The Drosophila homeotic gene Sex combs reduced (Scr) controls the segmental identity of the labial and prothoracic segments in the embryo and adult. It encodes a sequence-specific transcription factor that controls, in concert with other gene products, differentiative pathways of tissues in which Scr is expressed. During embryogenesis, Scr accumulation is observed in a discrete spatiotemporal pattern that includes the labial and prothoracic ectoderm, the subesophageal ganglion of the ventral nerve cord and the visceral mesoderm of the anterior and posterior midgut. Previous analyses have demonstrated that breakpoint mutations located in a 75-kb interval, including the Scr transcription unit and 50 kb of upstream DNA, cause Scr misexpression during development, presumably because these mutations remove Scr cis-regulatory sequences from the proximity of the Scr promoter. To gain a better understanding of the regulatory interactions necessary for the control of Scr transcription during embryogenesis, we have begun a molecular analysis of the Scr regulatory interval. DNA fragments from this 75-kb region were subcloned into P-element vectors containing either an Scr-lacZ or hsp70-lacZ fusion gene, and patterns of reporter gene expression were assayed in transgenic embryos. Several fragments appear to contain Scr regulatory sequences, as they direct reporter gene expression in patterns similar to those normally observed for Scr, whereas other DNA fragments direct Scr reporter gene expression in developmentally interesting but non-Scr-like patterns during embryogenesis. Scr expression in some tissues appears to be controlled by multiple regulatory elements that are separated, in some cases, by more than 20 kb of intervening DNA. Interestingly, regulatory sequences that direct reporter gene expression in an Scr-like pattern in the anterior and posterior midgut are imbedded in the regulatory region of the segmentation gene fushi tarazu (ftz), which is normally located between 10 and 20 kb 5' of the Scr transcription start site.

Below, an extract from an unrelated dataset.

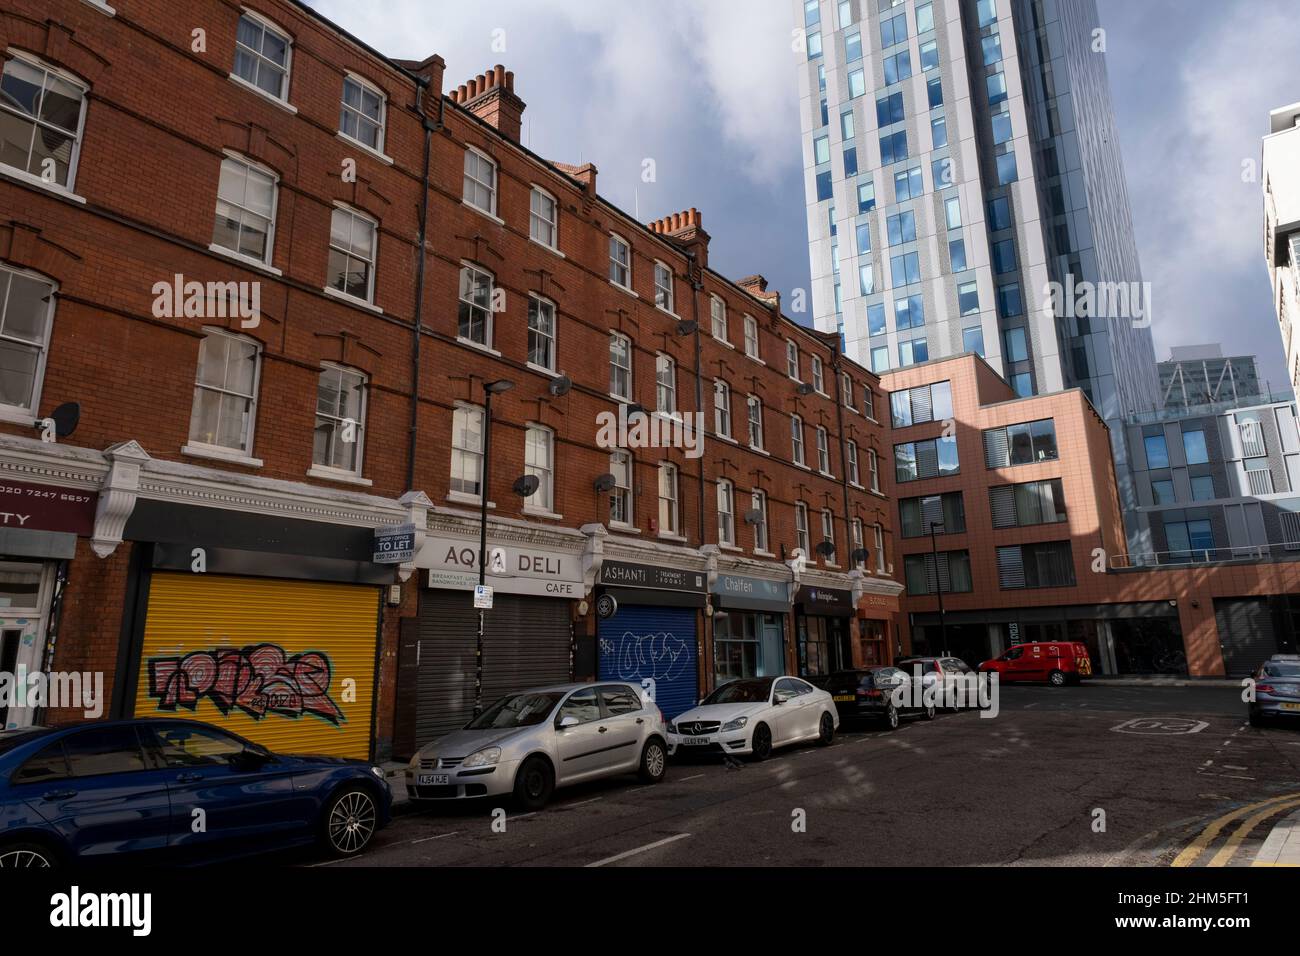 Old red brick buildings on Leyden Street are loomed over by one of the numerous towers in the City of London on 4th February 2022 in London, United Kingdom. The City of London is a city, ceremonial county and local government district that contains the primary central business district CBD of London. The City of London is widely referred to simply as the City is also colloquially known as the Square Mile. Over the last decade or so the architecture of the City has grown upwards with skyscrapers filling the now cluttered skyline, and increasing it’s scale upwards with glass towers, some of whic Stock Photo

This analysis provides an entry point for the study of how Scr transcription is regulated at the molecular level.

摘要

果蝇同源异型基因性梳减少(Scr)控制胚胎和成虫中唇节和前胸节的节段特征。它编码一种序列特异性转录因子,该因子与其他基因产物协同控制Scr表达组织的分化途径。在胚胎发生过程中,观察到Scr以离散的时空模式积累,包括唇节和前胸节外胚层、腹神经索的咽下神经节以及前后中肠的内脏中胚层。先前的分析表明,位于一个75kb区间(包括Scr转录单元和50kb上游DNA)的断点突变会导致Scr在发育过程中错误表达,推测是因为这些突变从Scr启动子附近移除了Scr顺式调控序列。为了更好地理解胚胎发生过程中控制Scr转录所需的调控相互作用,我们开始对Scr调控区间进行分子分析。将来自这个75kb区域的DNA片段亚克隆到含有Scr-lacZ或hsp70-lacZ融合基因的P-元件载体中,并在转基因胚胎中检测报告基因的表达模式。几个片段似乎包含Scr调控序列,因为它们指导报告基因以与Scr正常观察到的模式相似的模式表达,而其他DNA片段在胚胎发生过程中指导Scr报告基因以发育上有趣但非Scr样的模式表达。某些组织中的Scr表达似乎受多个调控元件控制,在某些情况下,这些元件被超过20kb的间隔DNA隔开。有趣的是,在前中肠和后中肠中指导报告基因以Scr样模式表达的调控序列嵌入在分割基因腹节基因(ftz)的调控区域中,该区域通常位于Scr转录起始位点5'端10至20kb之间。该分析为研究Scr转录在分子水平上如何调控提供了一个切入点。